Lo cierto es que como el casticismo de Madrid es un casticismo un poco vergonzante y afortunadamente retraído, y no termina en nacionalismo, la Virgen de la Paloma no corre el riesgo de politización de la catalana de Montserrat, de la valenciana de El Puig o de la vasca de Aranzazu.
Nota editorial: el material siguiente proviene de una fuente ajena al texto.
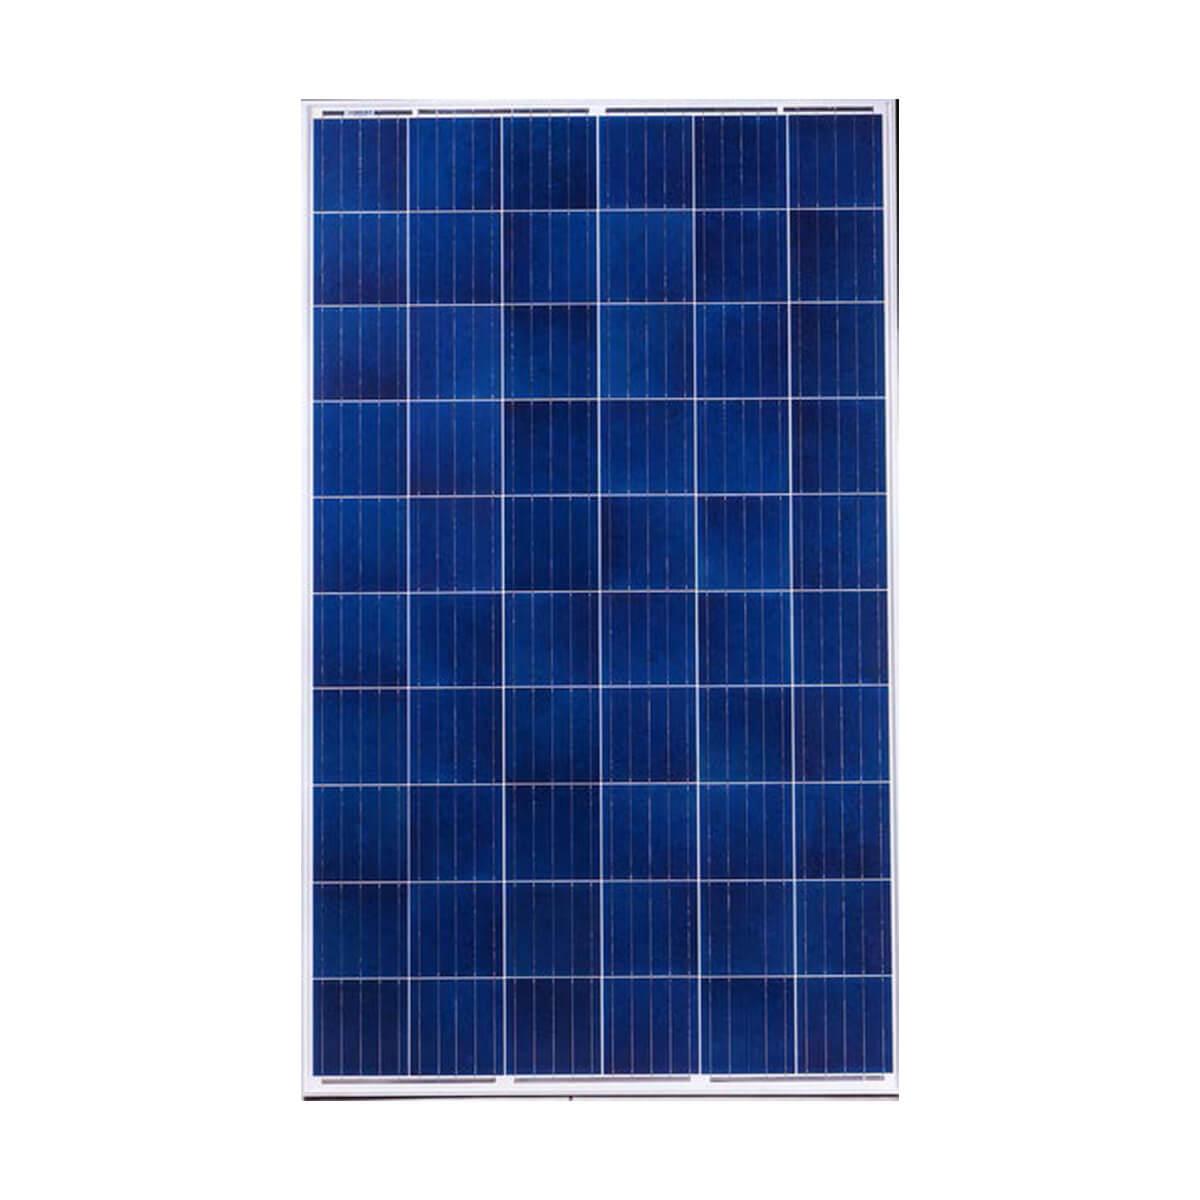 gazioglu solar enerji 265W panel, gazioglu solar enerji 265Watt panel, gazioglu solar enerji 265 W panel, gazioglu solar enerji 265 Watt panel, gazioglu solar enerji 265 Watt polikristal panel, gazioglu solar enerji 265 W watt gunes paneli, gazioglu solar enerji 265 W watt polikristal gunes paneli, gazioglu solar enerji 265 W Watt fotovoltaik polikristal solar panel, gazioglu solar enerji 265W polikristal gunes enerjisi, gazioglu solar enerji GSE-265W panel, Gazioğlu Solar 265 WATT

Se deduce de todo esto que aunque la Iglesia asegure que toda Virgen es la misma, María de Nazaret, los nombres que le ponen y los fieles o infieles que la siguen son distintos y no por casualidad. Y si no que se lo pregunten a la zaragozana Virgen del Pilar, que vino en carne mortal desde su tierra natal a Zaragoza, viaje que por verosímil no desmiente ni siquiera Labordeta, y que además de capitana general es la más nacionalista de todas. La Virgen de la Paloma es sencillamente una virgen de barrio que a punto estuvo de acabar a la venta en un puesto del Rastro, si es que entonces lo había, y encontrada en la calle fue salvada de la basura por el alma devota de la pobre Isabel Tintero, que no tuvo pretensiones de subir a los altares ni esperaba que su cuadro acabara tan alto que tuvieran que bajarlo cada año de los altares los mismísimos bomberos.